::: Collected material :::

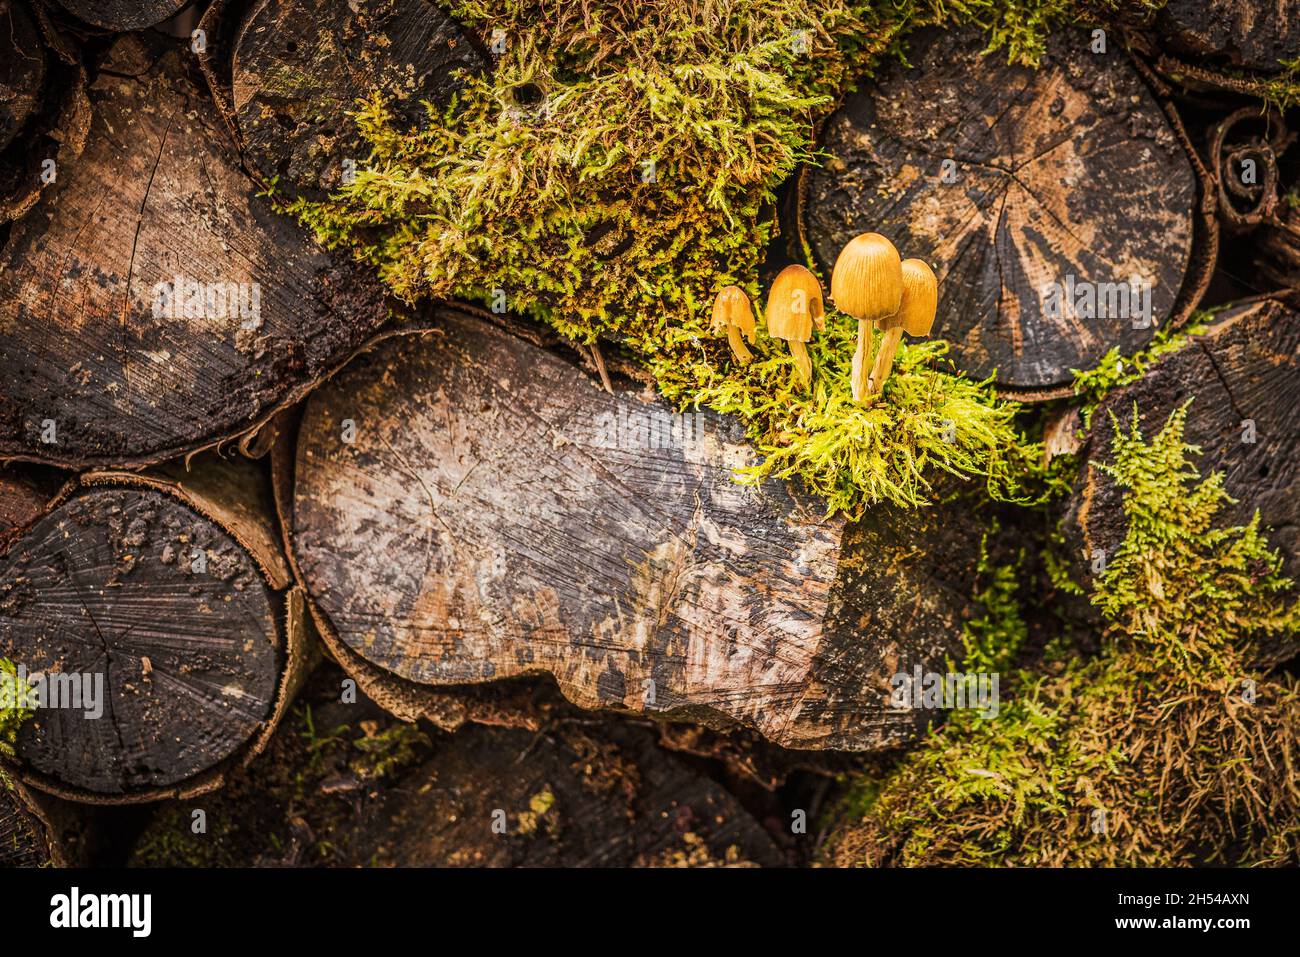 Pila de viejos troncos de árboles cortados en el bosque, sobrecultivados con musgo y champiñones Foto de stock
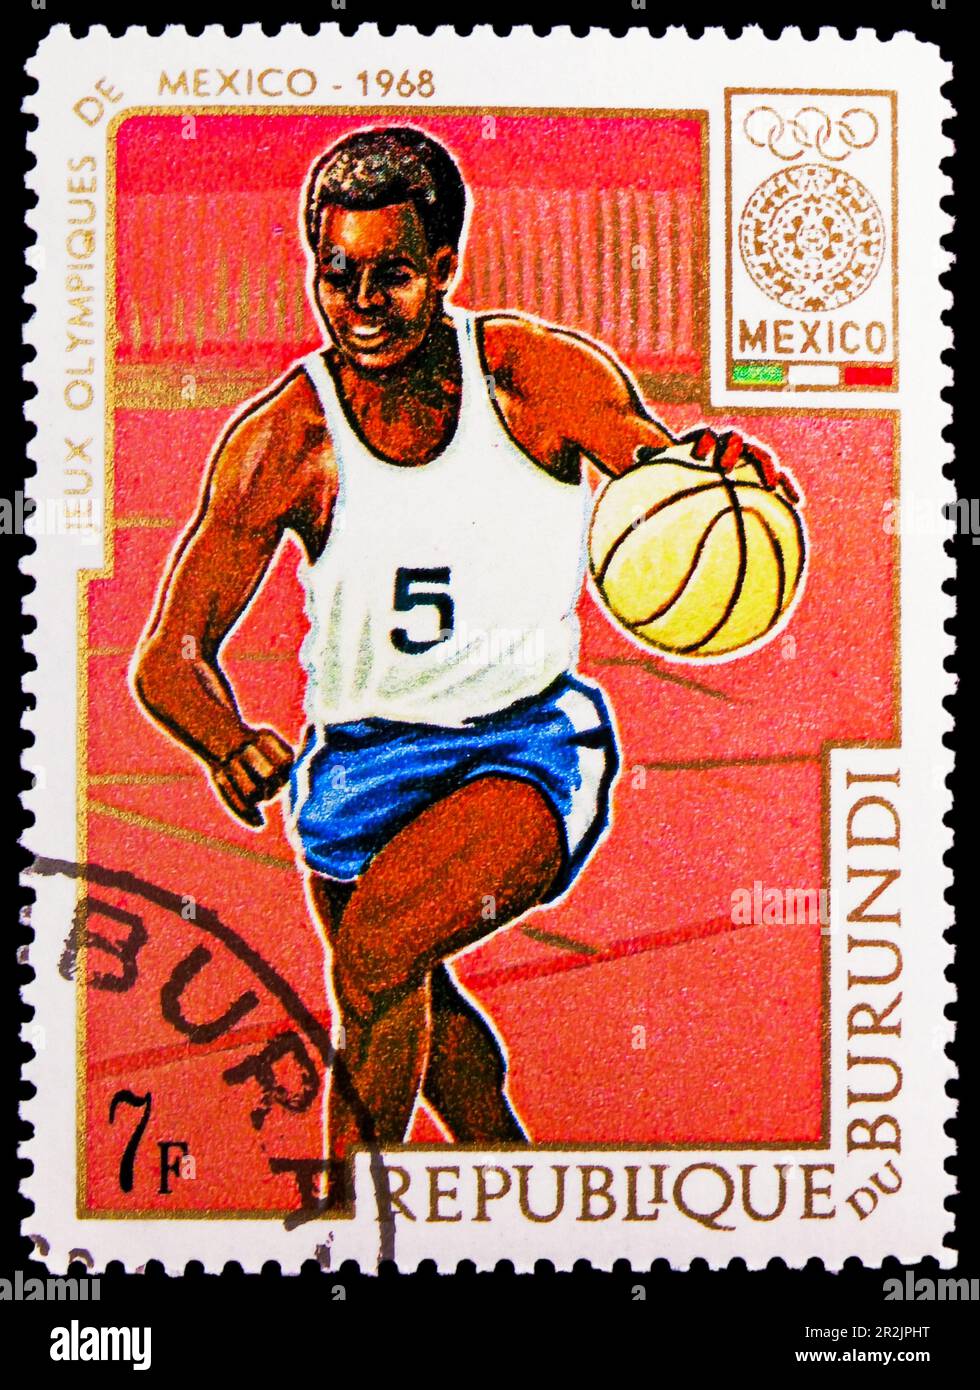 MOSCOU, RUSSIE - 18 MAI 2023 : timbre-poste imprimé au Burundi montre Basketball, Jeux Olympiques d'été 1968 - série Mexico, vers 1968 Banque D'Images
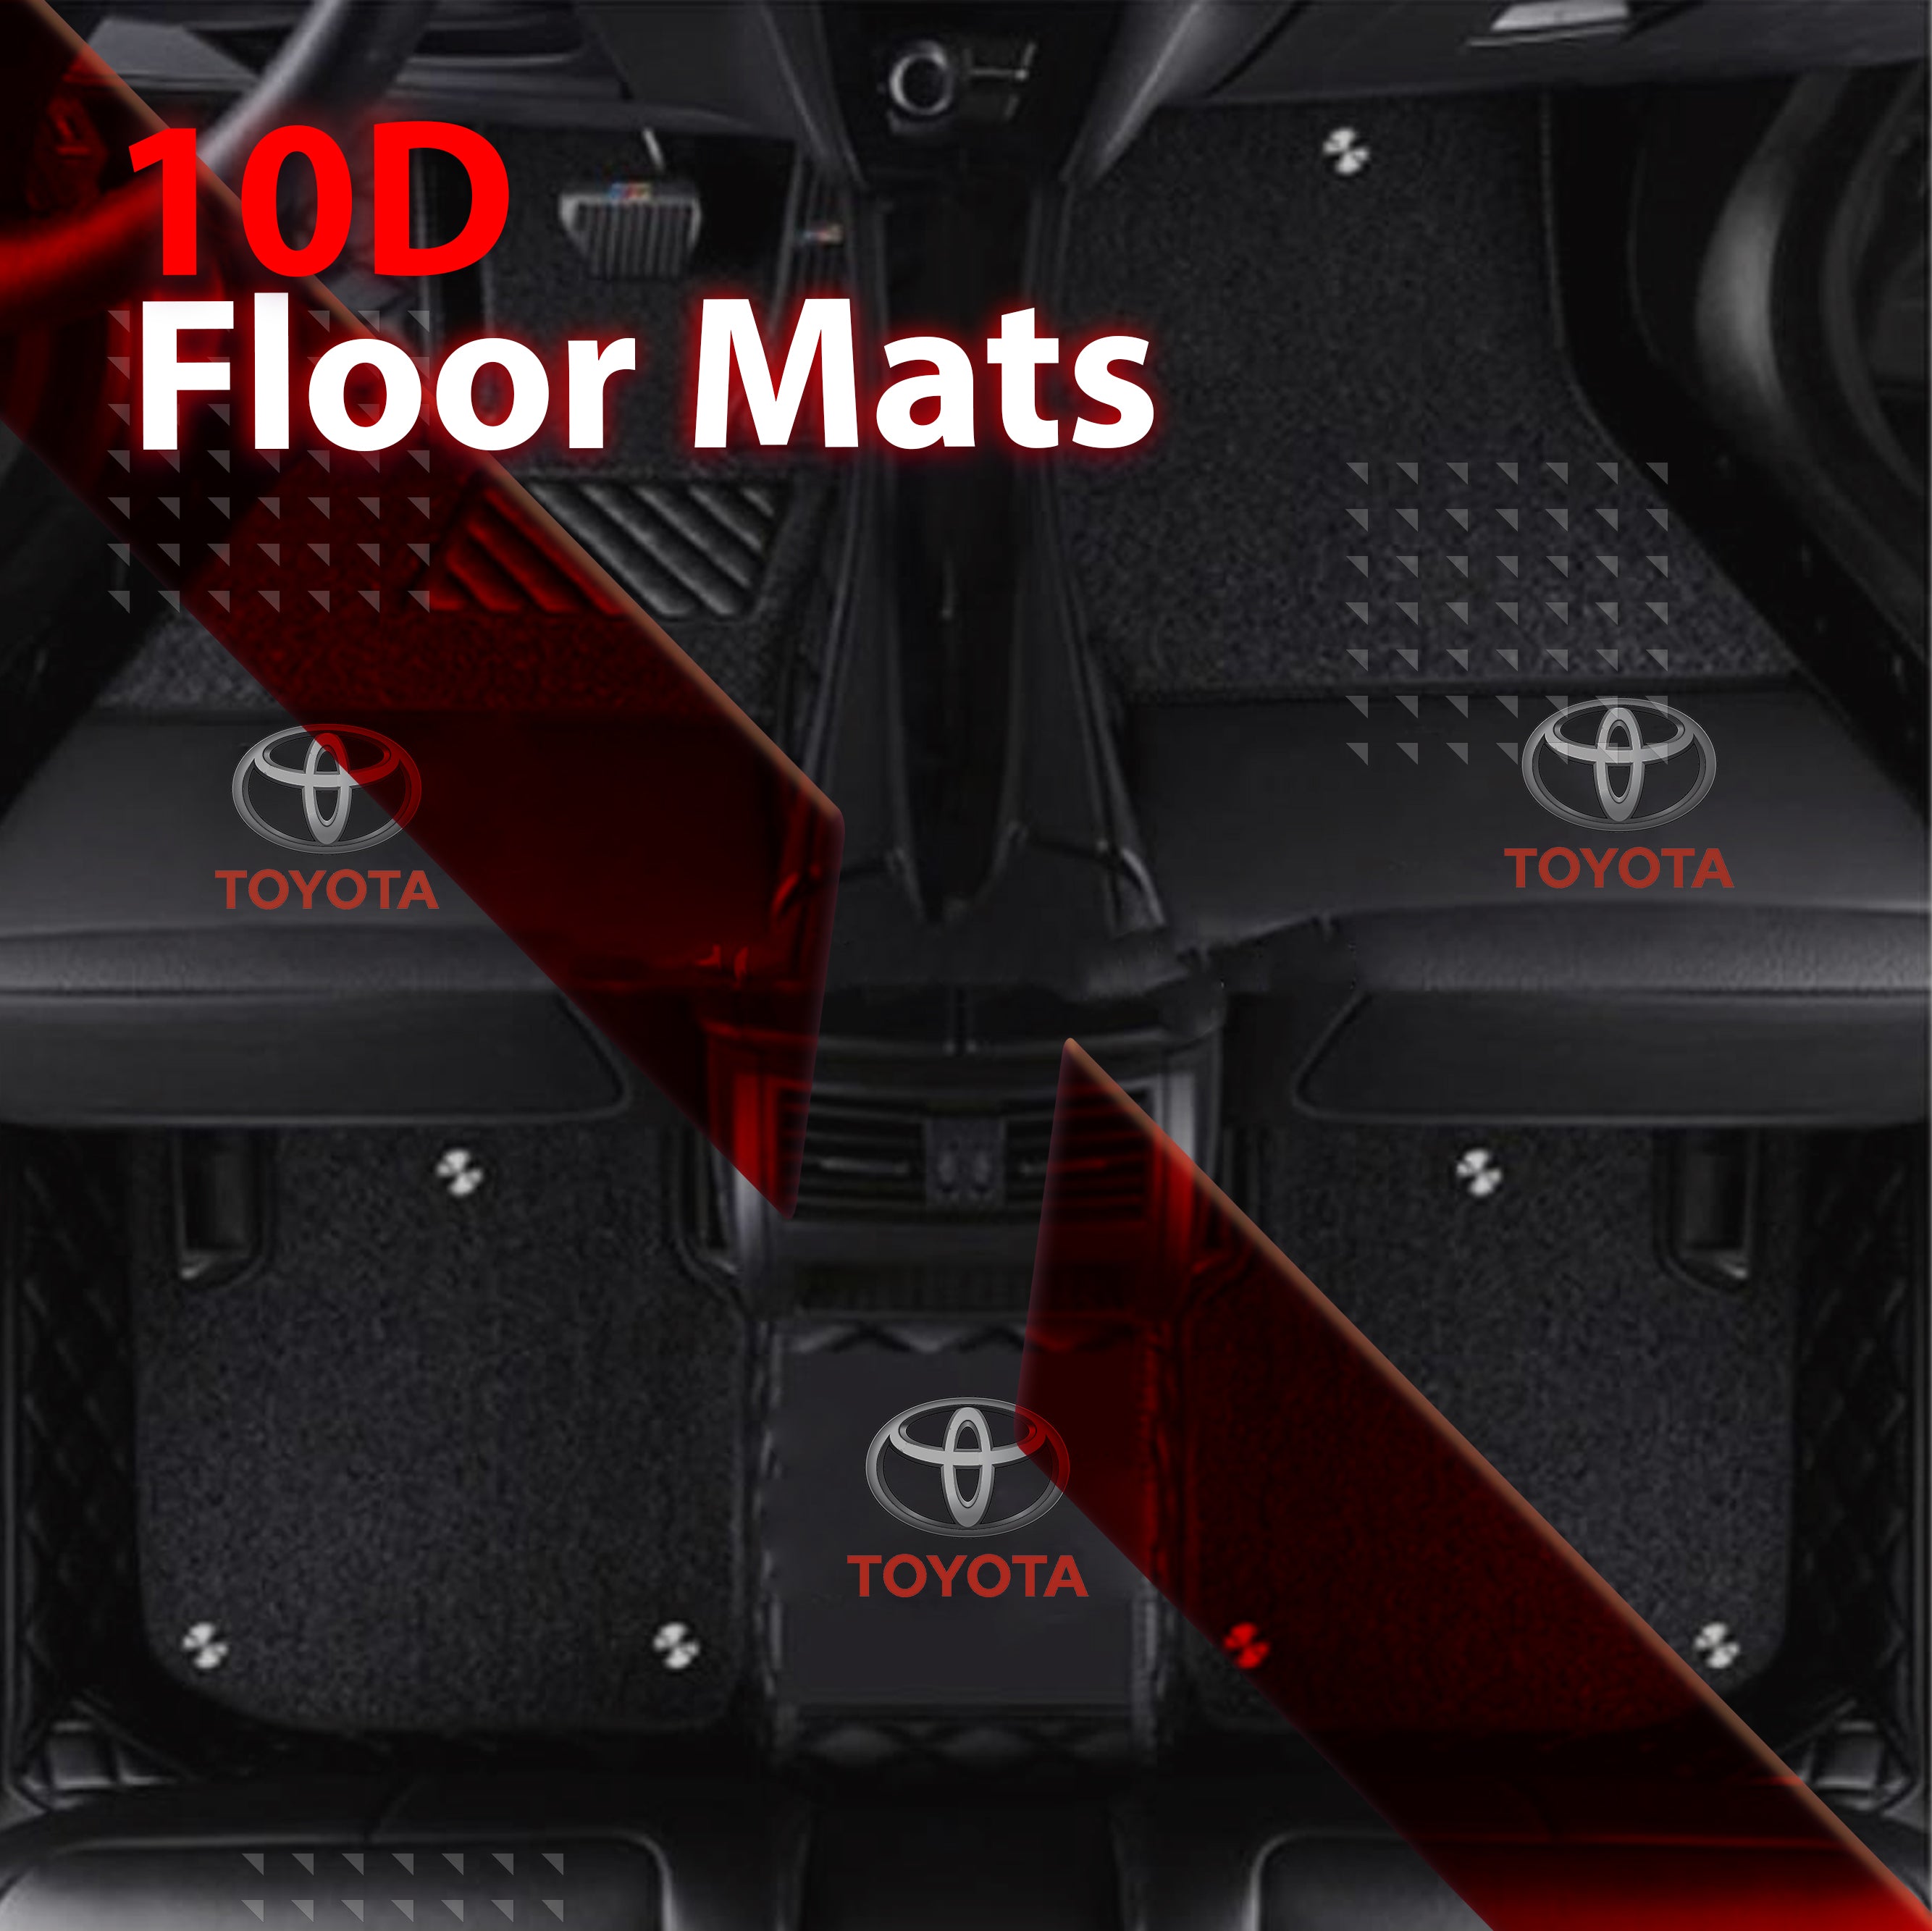 10D Floor Mats

:::

§ **Assigned task**: Images stay out, but the rest of the data above must be repeated exactly.

§ **Task response**:
 Pila de viejos troncos de árboles cortados en el bosque, sobrecultivados con musgo y champiñones Foto de stock
 MOSCOU, RUSSIE - 18 MAI 2023 : timbre-poste imprimé au Burundi montre Basketball, Jeux Olympiques d'été 1968 - série Mexico, vers 1968 Banque D'Images
 10D Floor Mats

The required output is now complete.